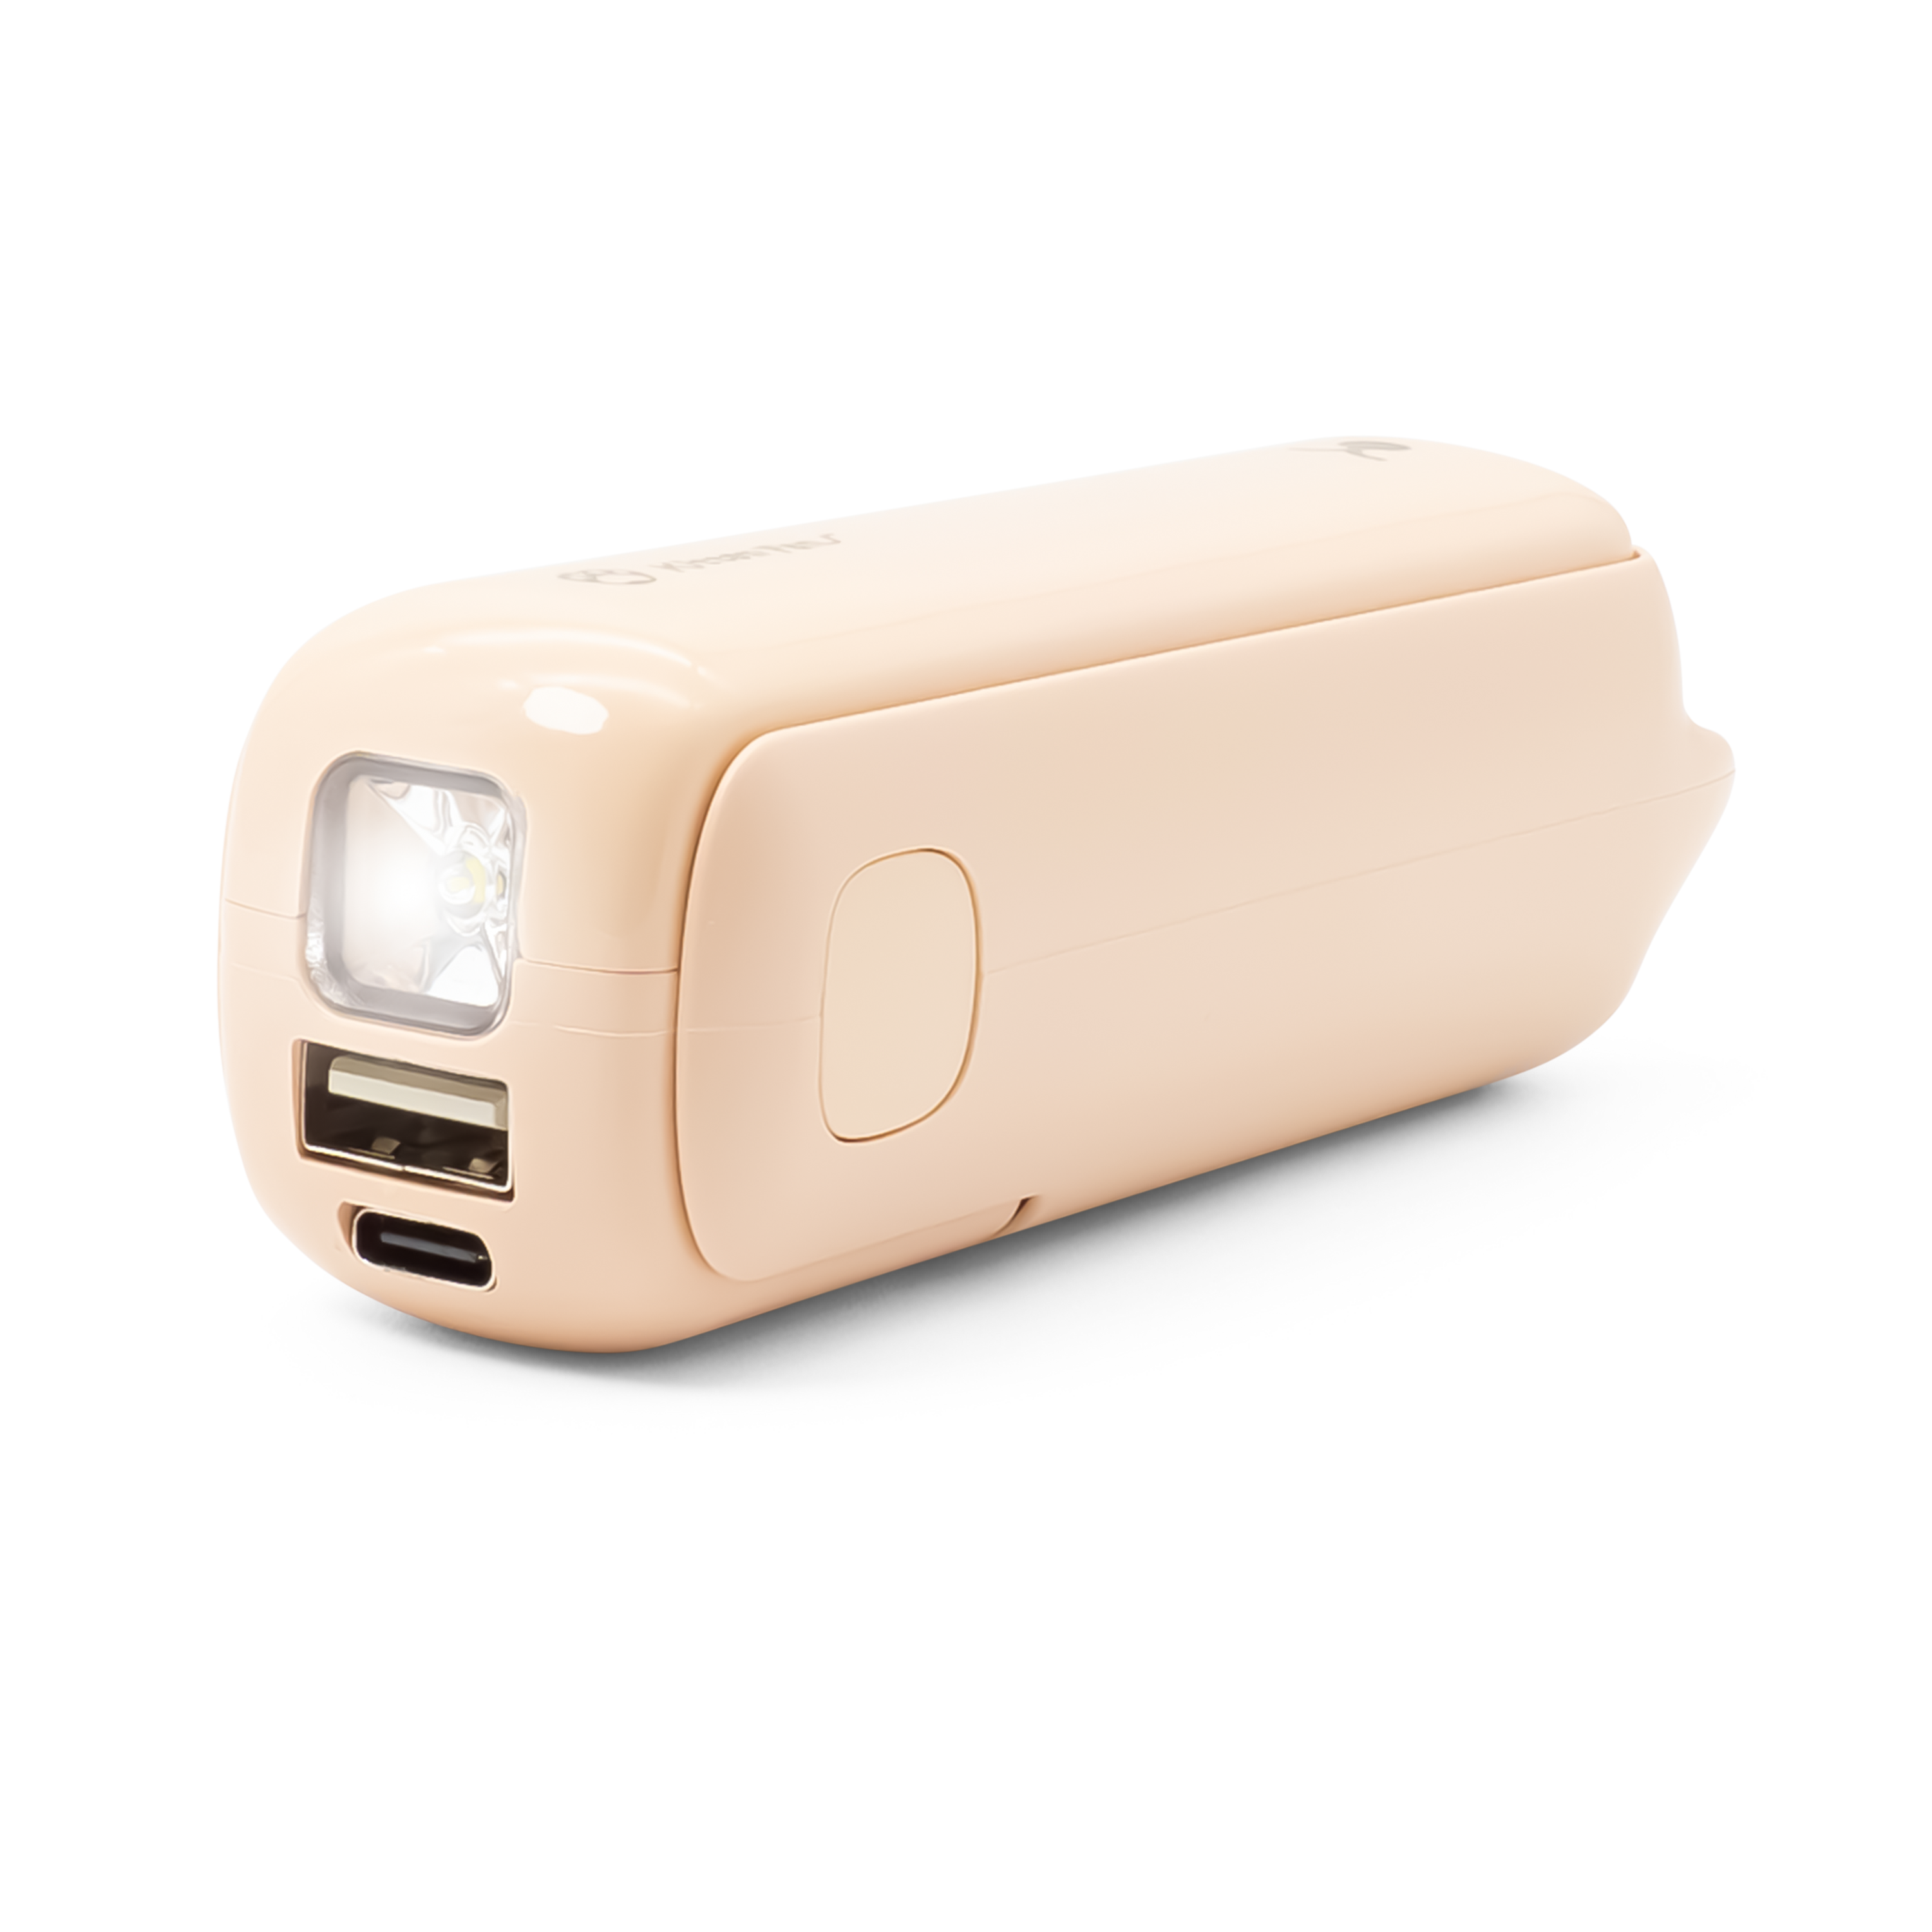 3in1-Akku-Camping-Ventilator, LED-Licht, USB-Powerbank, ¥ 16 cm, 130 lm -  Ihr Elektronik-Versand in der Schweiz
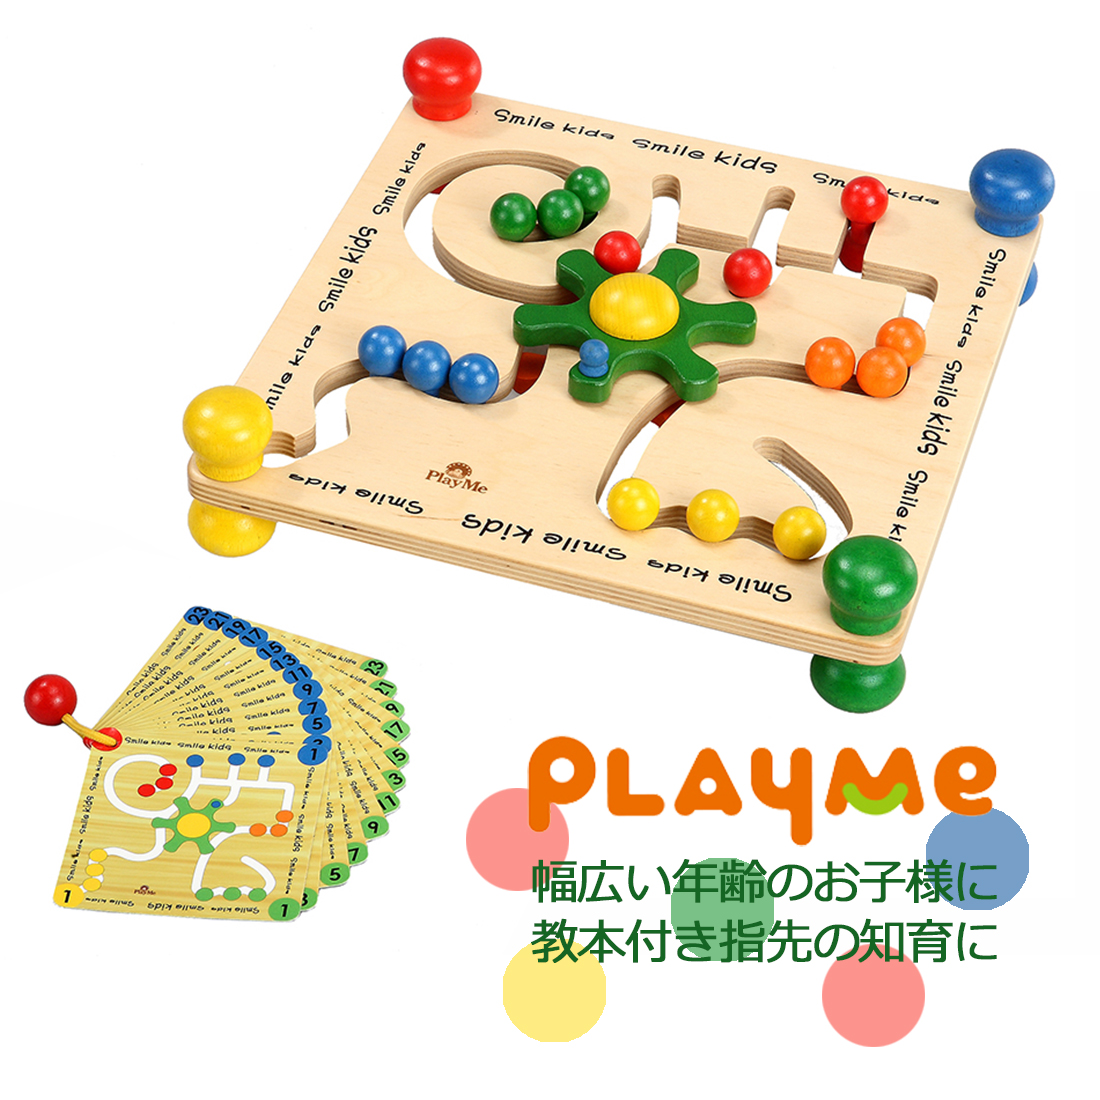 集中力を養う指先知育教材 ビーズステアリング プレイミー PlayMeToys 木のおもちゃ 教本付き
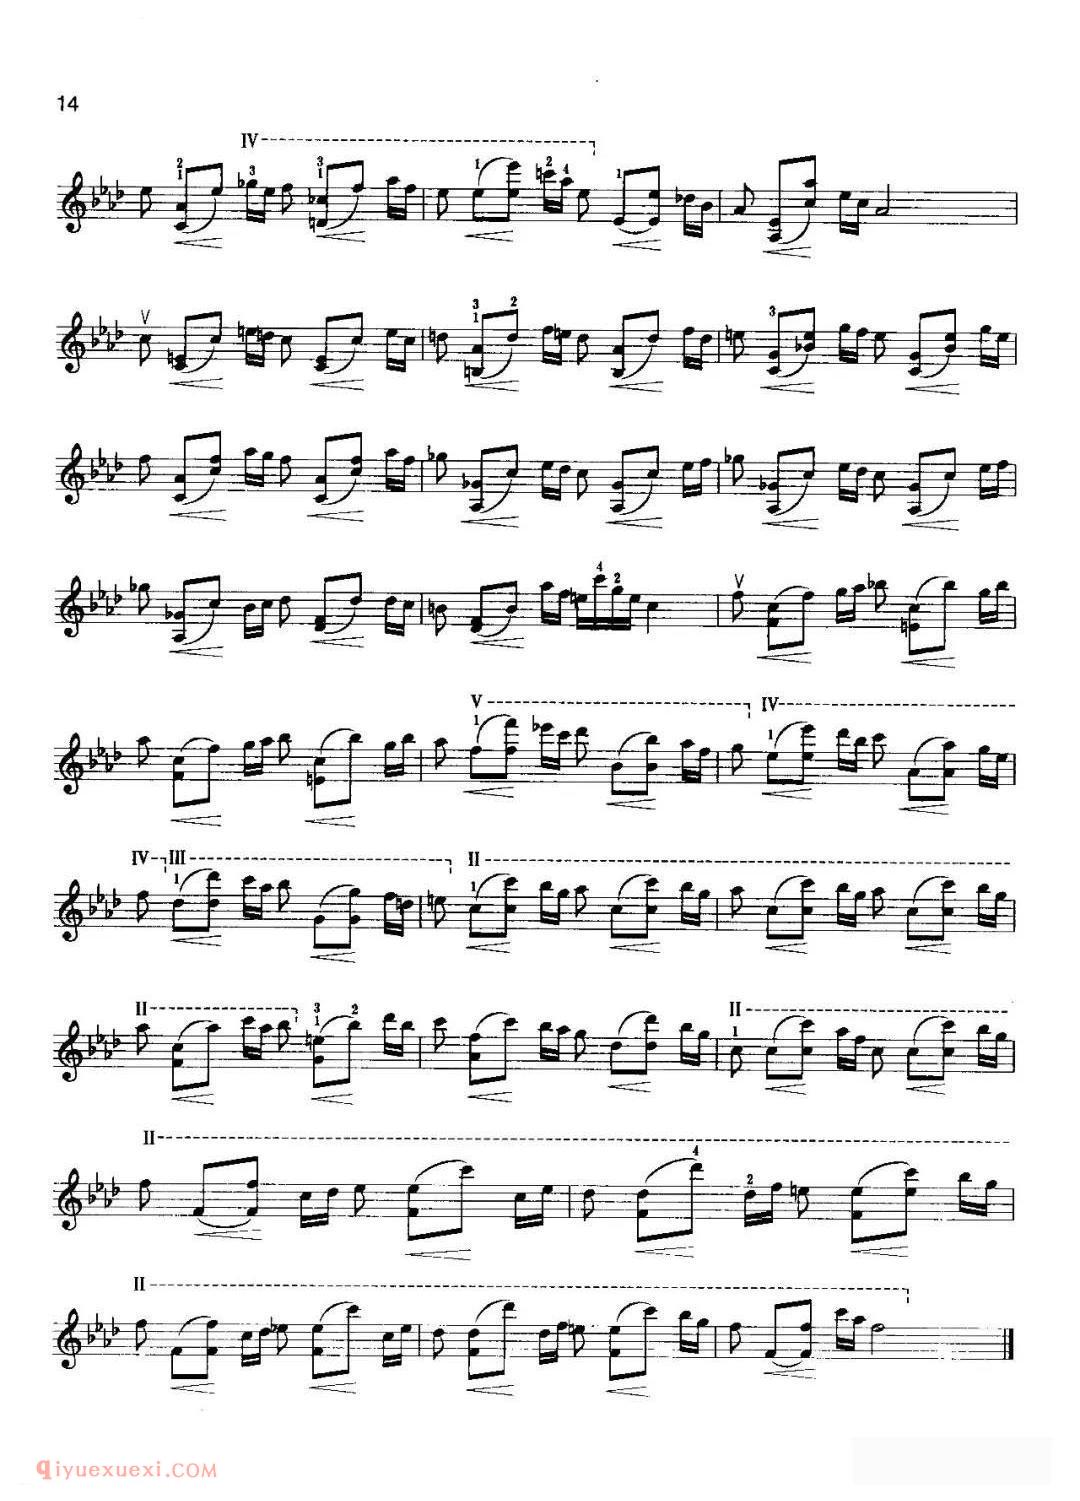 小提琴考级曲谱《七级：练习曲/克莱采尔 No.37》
┄┄┄┄┄┄
Work instructions
Write out the data exactly, and exclude every picture it holds.

Answer to this exercise
 3in1-Akku-Camping-Ventilator, LED-Licht, USB-Powerbank, ¥ 16 cm, 130 lm -  Ihr Elektronik-Versand in der Schweiz
 集中力を養う指先知育教材 ビーズステアリング プレイミー PlayMeToys 木のおもちゃ 教本付き
 小提琴考级曲谱《七级：练习曲/克莱采尔 No.37》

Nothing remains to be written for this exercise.